As Manolo mentioned, we have assumed no ONP sales in our 2024 budget. However, under the approved conditions and liquidity payment terms, we would consider it.
This is the first part of a two-part question. Have the last two wells, 16H and 17H, performed in line with expectations? 16H seems on track to deliver payback in around three months, but 17H appears to be delivering only circa half the initial production rate of well 16H, although this is still only on natural flow.
Yeah. Actually, as I mentioned, the 17H is meeting our expectations. Should also pay out in 90 days or something like that. And the 16H, as mentioned here, is performing just as expected. So we have now Bretaña well model, so there's no surprises.
$20.4 million of receivables has been reclassified from current to non-current assets. Yet this is despite the ONP pipeline likely to deliver that oil in calendar 2024. Is this your auditor's taking conservative view, or is it now less likely that the oil is delivered in 2024?
Well, I guess just thinking about the ONP, it's not functioning in a major way at this point in time. Without new oil going through, there's no guarantee of when the other oil will come out. So on a conservative basis and it's not just driven by the auditors, but the conservative basis of us as a company, we don't anticipate that volume of oil to be sold until after 12 months. So hence the recategorization to long term.
Thank you. Just a reminder, if you'd like to ask a question, please submit it via the platform. Next question: Why the lower actual oil price relative to Brent in Q4 2023 versus prior 2023?
Can you repeat the question? It's not appearing here. Sorry.
Why the lower actual oil price relative to Brent in Q4 2023 versus prior 2023?
Well, we have to keep in mind how the exports are priced. It's based on future Brent pricing. So with respect to Brazil exports, it's tied to pricing the forward three-month price, whereas sales to Iquitos are priced at the current price. So hence you do see some variance as compared to the actual Brent for any particular time.

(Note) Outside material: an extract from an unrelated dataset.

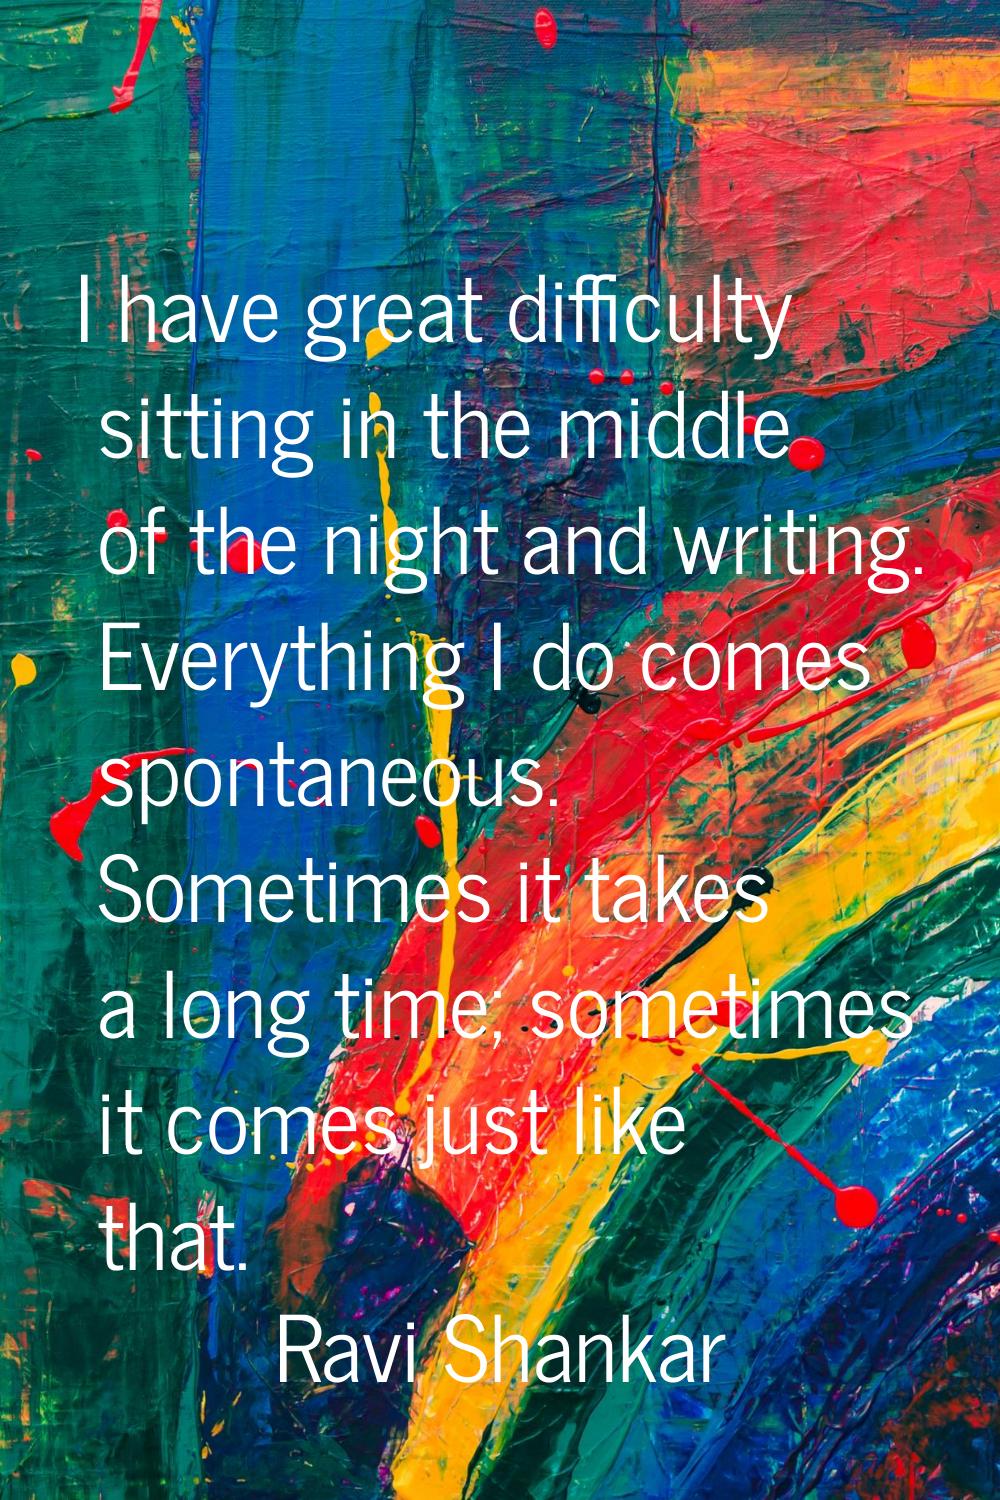 I have great difficulty sitting in the middle of the night and writing. Everything I do comes spont

How is the erosion work going? Is it within the substantial budget?
It was still in completing the final detailed engineering. We've done some of the procurement of the materials that are going to be needed. So it's going well. And just to emphasize again, it's a one-time project that will allow us to control the erosion in the future.

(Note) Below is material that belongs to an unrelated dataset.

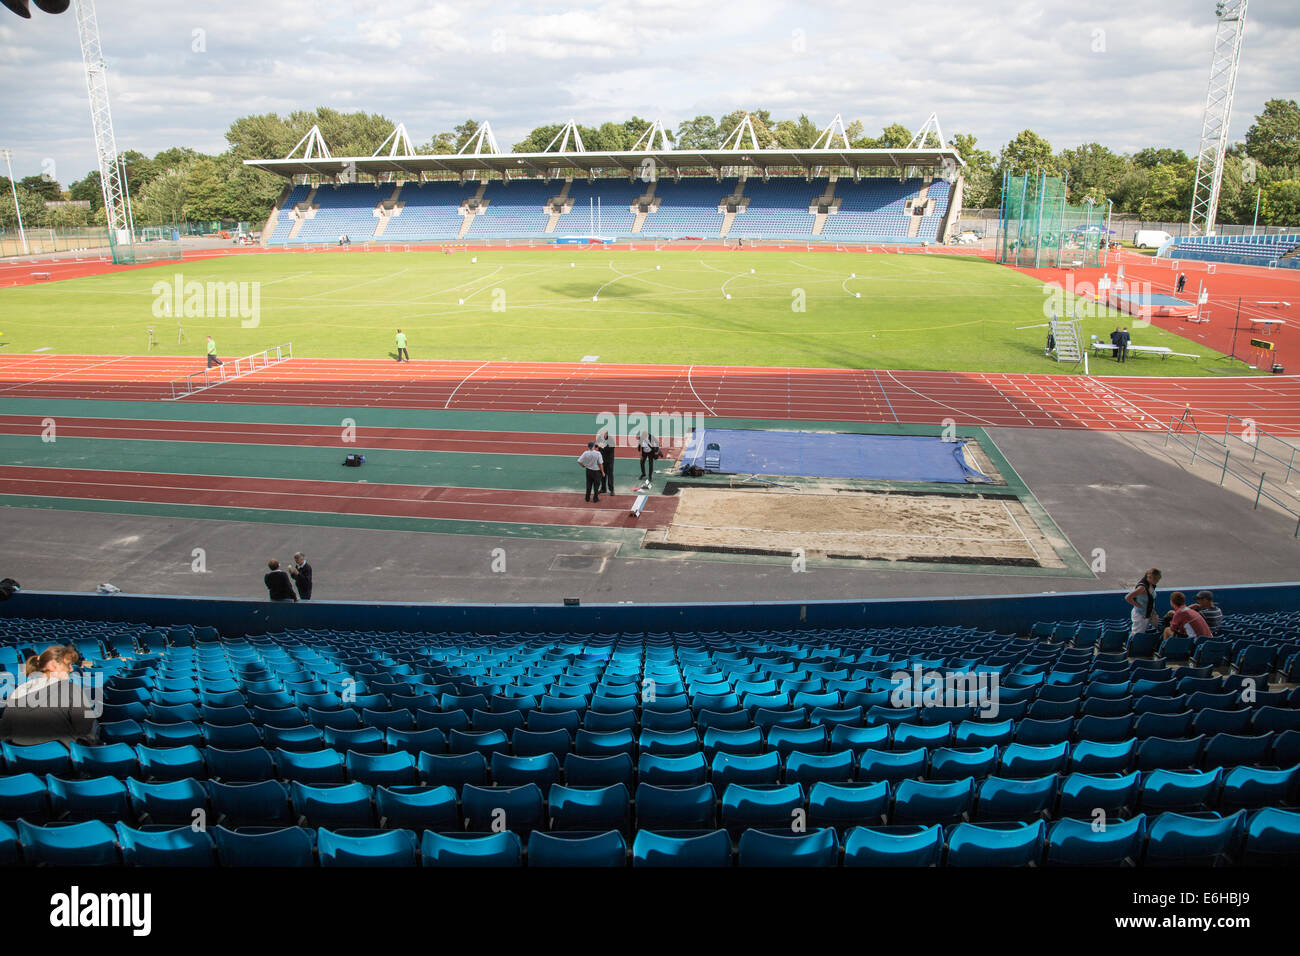 National Sports Centre at Crystal Palace in south London, England Stock Photo

Thank you. How are community relations at present?
They're going well. You know, with this recent incident, we could see the impact of our social programs as the communities reacted well to all of the support that we've been providing.

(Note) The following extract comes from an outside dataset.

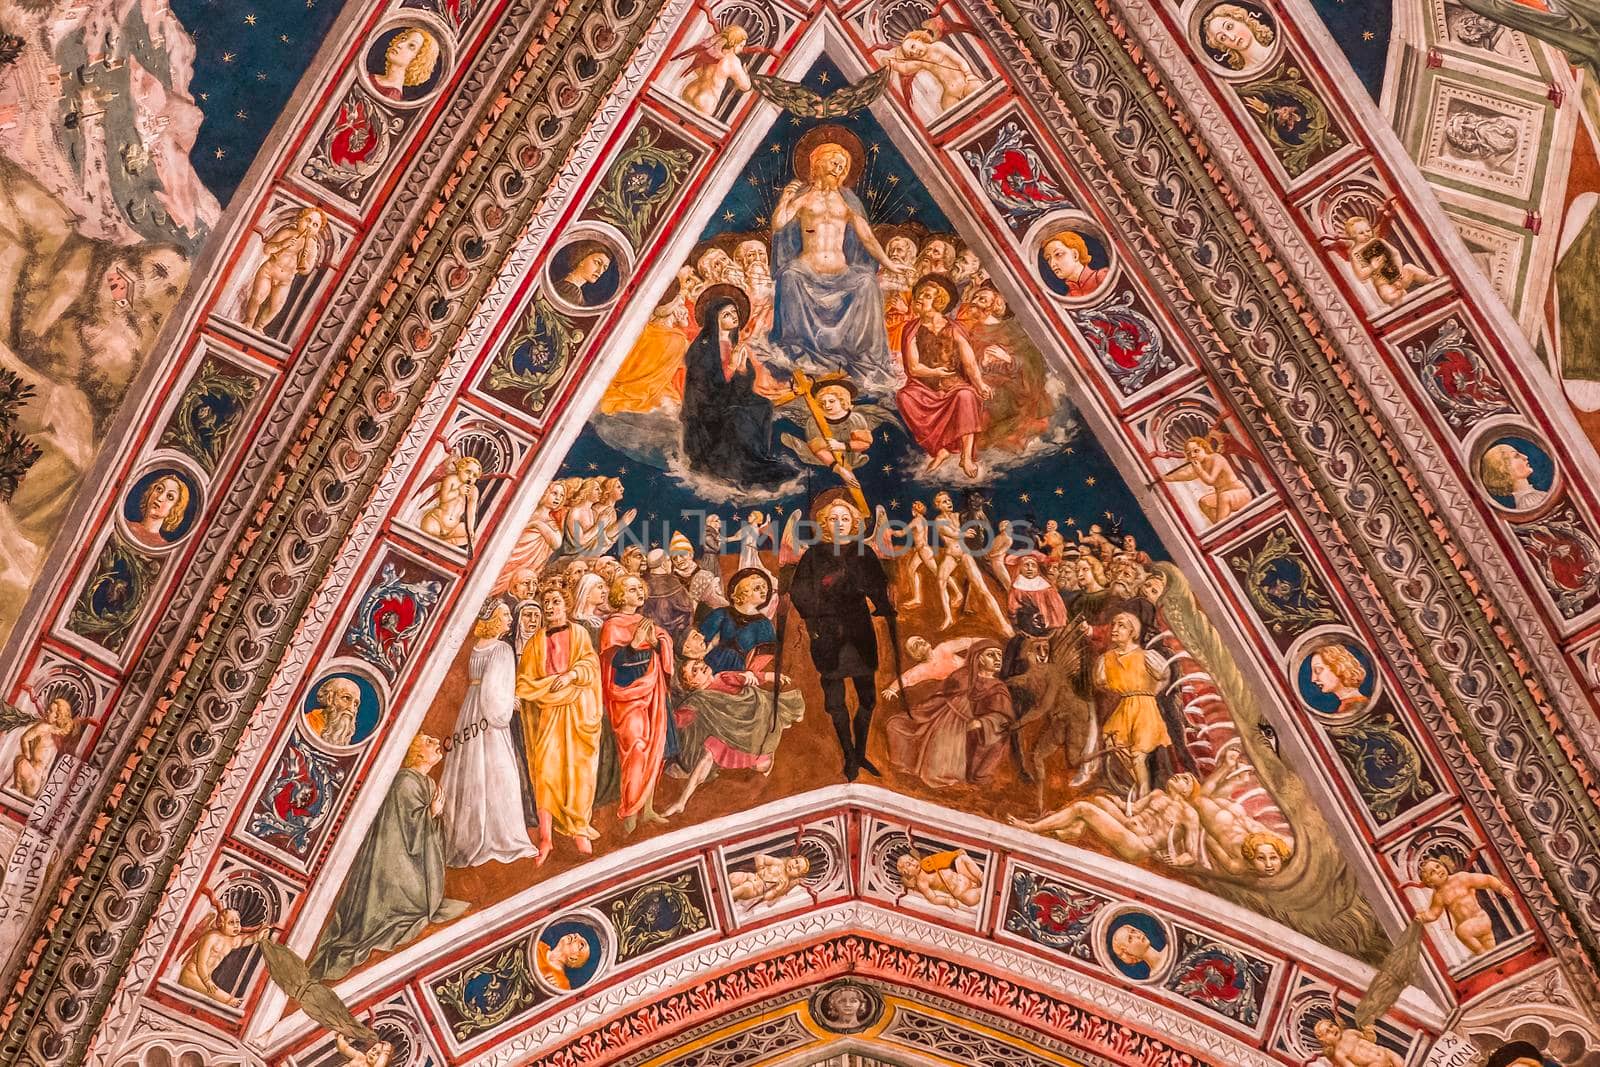 interiors and decors of the baptistery, Siena, Italy by photogolfer

Thank you. There are no further questions at this time, so I'll now hand back over to Manolo and Doug for closing remarks.
Well, I want to thank all of our investors that listened to this webcast. We continue to work hard to maximize the value of PetroTal. We're looking forward to starting the seismic survey in the rest of the Block 95. We see the possibility of finding additional Bretañas, which is why we have this strategy to diversify our oil sale routes to be able to manage all of that production in the future. And of course, for that, eventually, we're going to have to go back to the ONP. It's something that every time I go to Lima, I usually visit the people at Petroperú to encourage them to get all of that online. So we're very optimistic about the future for the company. Thank you so much.